# I messed up and I'm not proud



## lovemylife26 (Mar 21, 2012)

I was talking to a friend of a friend over time and started to develop feelings for him. 
There is more to this but I'm such an idiot and guilt is getting the best of me. I haven't been able to eat.


----------



## tacoma (May 1, 2011)

Stop talking to him.

Right now.


----------



## lordmayhem (Feb 7, 2011)

You need to stop your affair. Do it now. I can see why you posted this thread a few days ago.

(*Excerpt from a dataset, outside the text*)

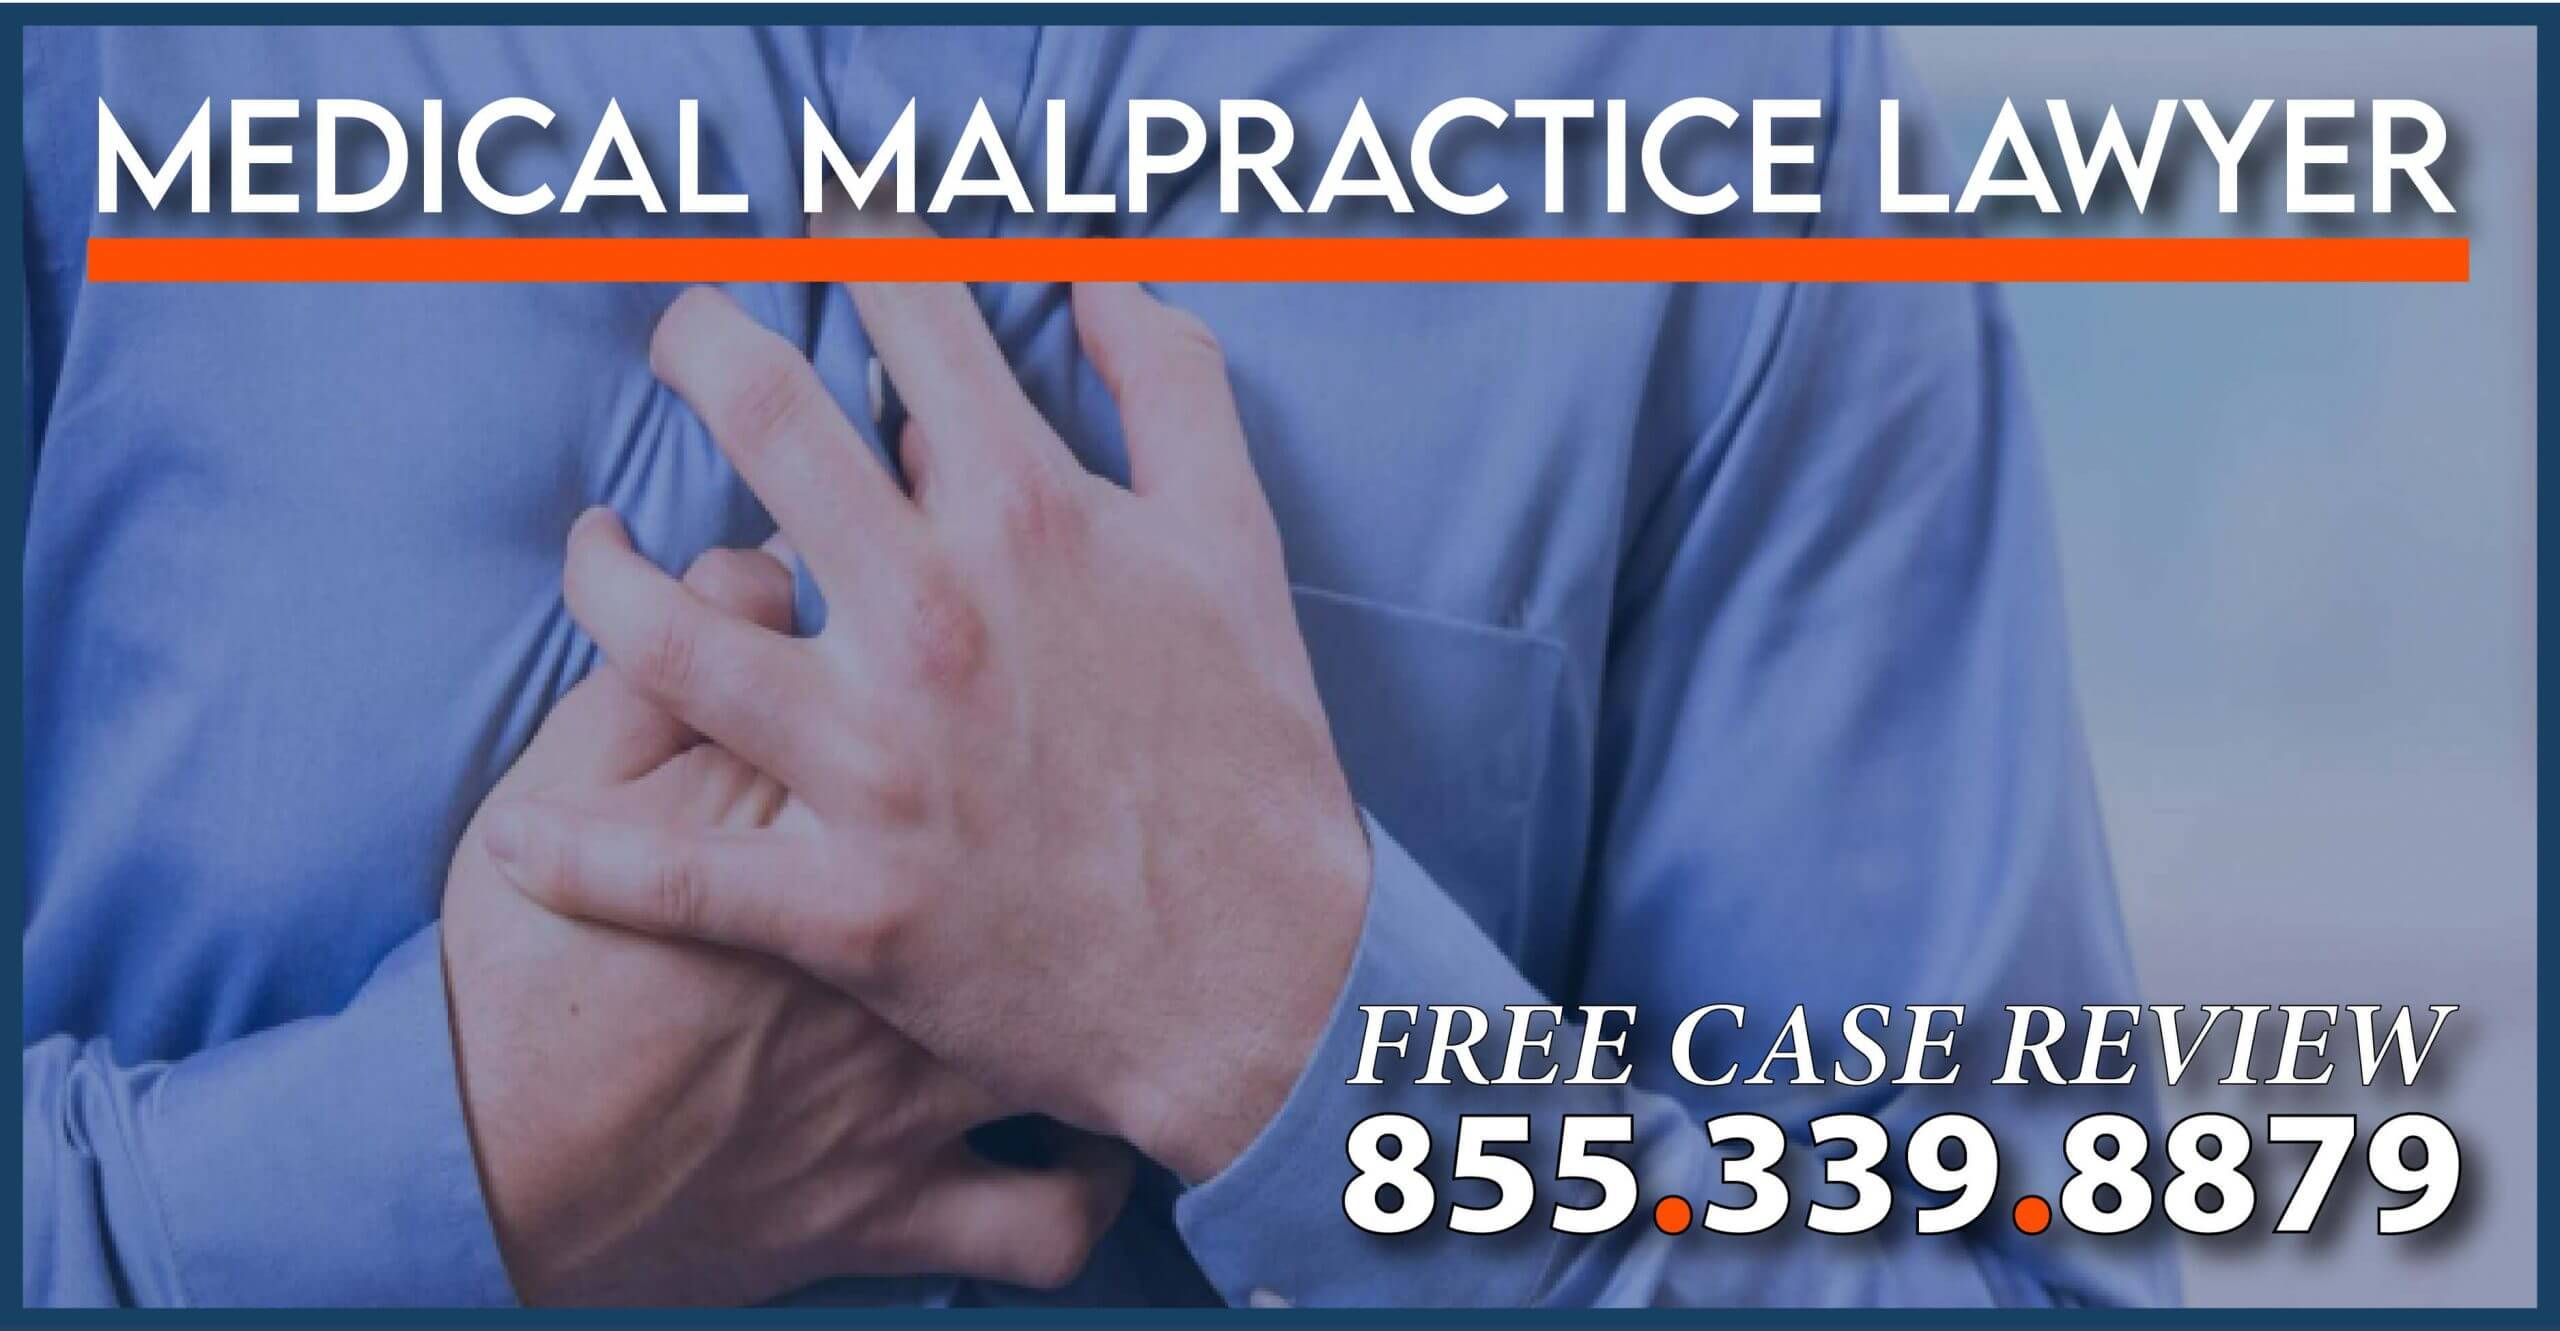 heart attack misdiagnosis medical malpractice lawyer compensation lawsuit attorney

I know 2 wrongs don't make a right but

People who have had affairs because their WS had one will tell you it only makes the pain worse. Ask JoeKidd and Matt Matt


----------



## Vanguard (Jul 27, 2011)

Aren't you a betrayed spouse? 

You can stop right now. Please do so.


----------



## MattMatt (May 19, 2012)

You can get yourself out of this! We will support you!
_Posted via Mobile Device_


----------



## lovemylife26 (Mar 21, 2012)

Yes I'm a BS. 
I know. Thank you. 
I'm ashamed of myself and the rest of the story.


----------



## Vanguard (Jul 27, 2011)

lovemylife26 said:


> Yes I'm a BS.
> I know. Thank you.
> I'm ashamed of myself and the rest of the story.


I understand the lure of a new person. I know it well. But you undertand the pain of being betrayed, and you have to believe me-- you might not be able to forgive yourself if you go further into this. 

It doesn't sound like you've done anything wrong, but the climate seems pretty dangerous. Do whatever you need to do to stop this path you're on.


----------



## lovemylife26 (Mar 21, 2012)

one would think I did something wrong.


----------



## Vanguard (Jul 27, 2011)

Who is "one"? And what is it you have done? Your post says that you have begun to develop feelings for another man... is that the extent of it? Because if it is, it seems pretty tame to me.


----------



## lovemylife26 (Mar 21, 2012)

story is in PMS
vanguard, it depends on who knows the story. I'm one.


----------